(Beginning of MATERIAL FOR THE TASK)

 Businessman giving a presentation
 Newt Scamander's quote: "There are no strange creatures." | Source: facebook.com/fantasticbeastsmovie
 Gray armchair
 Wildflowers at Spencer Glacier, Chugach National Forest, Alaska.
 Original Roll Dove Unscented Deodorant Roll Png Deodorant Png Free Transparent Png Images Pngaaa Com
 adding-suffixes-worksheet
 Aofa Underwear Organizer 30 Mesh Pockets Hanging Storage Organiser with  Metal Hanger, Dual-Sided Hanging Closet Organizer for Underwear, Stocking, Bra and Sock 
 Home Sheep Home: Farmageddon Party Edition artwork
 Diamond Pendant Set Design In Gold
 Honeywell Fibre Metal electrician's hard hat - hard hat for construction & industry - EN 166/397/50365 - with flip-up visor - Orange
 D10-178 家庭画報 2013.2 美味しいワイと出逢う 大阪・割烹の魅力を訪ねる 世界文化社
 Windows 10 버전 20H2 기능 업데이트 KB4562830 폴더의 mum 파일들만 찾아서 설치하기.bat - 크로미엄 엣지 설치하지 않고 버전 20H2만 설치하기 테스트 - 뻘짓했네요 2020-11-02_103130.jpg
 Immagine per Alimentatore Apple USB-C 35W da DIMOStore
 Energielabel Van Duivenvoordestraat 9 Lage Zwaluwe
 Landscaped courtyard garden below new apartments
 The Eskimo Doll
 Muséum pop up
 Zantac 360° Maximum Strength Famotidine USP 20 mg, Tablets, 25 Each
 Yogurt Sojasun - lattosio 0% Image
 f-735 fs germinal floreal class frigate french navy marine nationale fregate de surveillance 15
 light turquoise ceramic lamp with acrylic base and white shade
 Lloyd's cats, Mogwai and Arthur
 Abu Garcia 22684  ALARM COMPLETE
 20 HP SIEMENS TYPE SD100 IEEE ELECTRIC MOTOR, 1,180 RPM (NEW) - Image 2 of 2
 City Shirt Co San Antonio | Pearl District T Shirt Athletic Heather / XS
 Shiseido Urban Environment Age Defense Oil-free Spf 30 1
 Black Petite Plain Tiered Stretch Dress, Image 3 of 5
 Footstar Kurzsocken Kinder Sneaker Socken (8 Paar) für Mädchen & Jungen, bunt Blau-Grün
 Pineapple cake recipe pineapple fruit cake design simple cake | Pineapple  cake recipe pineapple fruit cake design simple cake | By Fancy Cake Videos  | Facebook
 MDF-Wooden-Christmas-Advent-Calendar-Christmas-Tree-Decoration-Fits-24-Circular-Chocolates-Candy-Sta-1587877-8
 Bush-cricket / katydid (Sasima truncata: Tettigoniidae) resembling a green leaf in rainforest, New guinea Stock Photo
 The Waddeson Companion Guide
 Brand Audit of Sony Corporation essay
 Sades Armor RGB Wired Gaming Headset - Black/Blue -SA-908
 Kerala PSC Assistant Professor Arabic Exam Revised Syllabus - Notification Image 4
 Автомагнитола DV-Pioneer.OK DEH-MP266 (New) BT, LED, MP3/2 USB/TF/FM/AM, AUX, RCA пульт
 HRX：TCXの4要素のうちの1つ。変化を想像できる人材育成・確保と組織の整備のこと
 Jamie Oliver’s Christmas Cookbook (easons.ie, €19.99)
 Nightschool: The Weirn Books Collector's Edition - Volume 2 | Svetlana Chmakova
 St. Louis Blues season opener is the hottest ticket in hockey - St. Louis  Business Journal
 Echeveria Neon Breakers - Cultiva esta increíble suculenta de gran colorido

(End of MATERIAL FOR THE TASK)

■ WHAT IS NEEDED
Take the entries above and write them out again unchanged.

■ EXPECTED ANSWER
 Businessman giving a presentation
 Newt Scamander's quote: "There are no strange creatures." | Source: facebook.com/fantasticbeastsmovie
 Gray armchair
 Wildflowers at Spencer Glacier, Chugach National Forest, Alaska.
 Original Roll Dove Unscented Deodorant Roll Png Deodorant Png Free Transparent Png Images Pngaaa Com
 adding-suffixes-worksheet
 Aofa Underwear Organizer 30 Mesh Pockets Hanging Storage Organiser with  Metal Hanger, Dual-Sided Hanging Closet Organizer for Underwear, Stocking, Bra and Sock 
 Home Sheep Home: Farmageddon Party Edition artwork
 Diamond Pendant Set Design In Gold
 Honeywell Fibre Metal electrician's hard hat - hard hat for construction & industry - EN 166/397/50365 - with flip-up visor - Orange
 D10-178 家庭画報 2013.2 美味しいワイと出逢う 大阪・割烹の魅力を訪ねる 世界文化社
 Windows 10 버전 20H2 기능 업데이트 KB4562830 폴더의 mum 파일들만 찾아서 설치하기.bat - 크로미엄 엣지 설치하지 않고 버전 20H2만 설치하기 테스트 - 뻘짓했네요 2020-11-02_103130.jpg
 Immagine per Alimentatore Apple USB-C 35W da DIMOStore
 Energielabel Van Duivenvoordestraat 9 Lage Zwaluwe
 Landscaped courtyard garden below new apartments
 The Eskimo Doll
 Muséum pop up
 Zantac 360° Maximum Strength Famotidine USP 20 mg, Tablets, 25 Each
 Yogurt Sojasun - lattosio 0% Image
 f-735 fs germinal floreal class frigate french navy marine nationale fregate de surveillance 15
 light turquoise ceramic lamp with acrylic base and white shade
 Lloyd's cats, Mogwai and Arthur
 Abu Garcia 22684  ALARM COMPLETE
 20 HP SIEMENS TYPE SD100 IEEE ELECTRIC MOTOR, 1,180 RPM (NEW) - Image 2 of 2
 City Shirt Co San Antonio | Pearl District T Shirt Athletic Heather / XS
 Shiseido Urban Environment Age Defense Oil-free Spf 30 1
 Black Petite Plain Tiered Stretch Dress, Image 3 of 5
 Footstar Kurzsocken Kinder Sneaker Socken (8 Paar) für Mädchen & Jungen, bunt Blau-Grün
 Pineapple cake recipe pineapple fruit cake design simple cake | Pineapple  cake recipe pineapple fruit cake design simple cake | By Fancy Cake Videos  | Facebook
 MDF-Wooden-Christmas-Advent-Calendar-Christmas-Tree-Decoration-Fits-24-Circular-Chocolates-Candy-Sta-1587877-8
 Bush-cricket / katydid (Sasima truncata: Tettigoniidae) resembling a green leaf in rainforest, New guinea Stock Photo
 The Waddeson Companion Guide
 Brand Audit of Sony Corporation essay
 Sades Armor RGB Wired Gaming Headset - Black/Blue -SA-908
 Kerala PSC Assistant Professor Arabic Exam Revised Syllabus - Notification Image 4
 Автомагнитола DV-Pioneer.OK DEH-MP266 (New) BT, LED, MP3/2 USB/TF/FM/AM, AUX, RCA пульт
 HRX：TCXの4要素のうちの1つ。変化を想像できる人材育成・確保と組織の整備のこと
 Jamie Oliver’s Christmas Cookbook (easons.ie, €19.99)
 Nightschool: The Weirn Books Collector's Edition - Volume 2 | Svetlana Chmakova
 St. Louis Blues season opener is the hottest ticket in hockey - St. Louis  Business Journal
 Echeveria Neon Breakers - Cultiva esta increíble suculenta de gran colorido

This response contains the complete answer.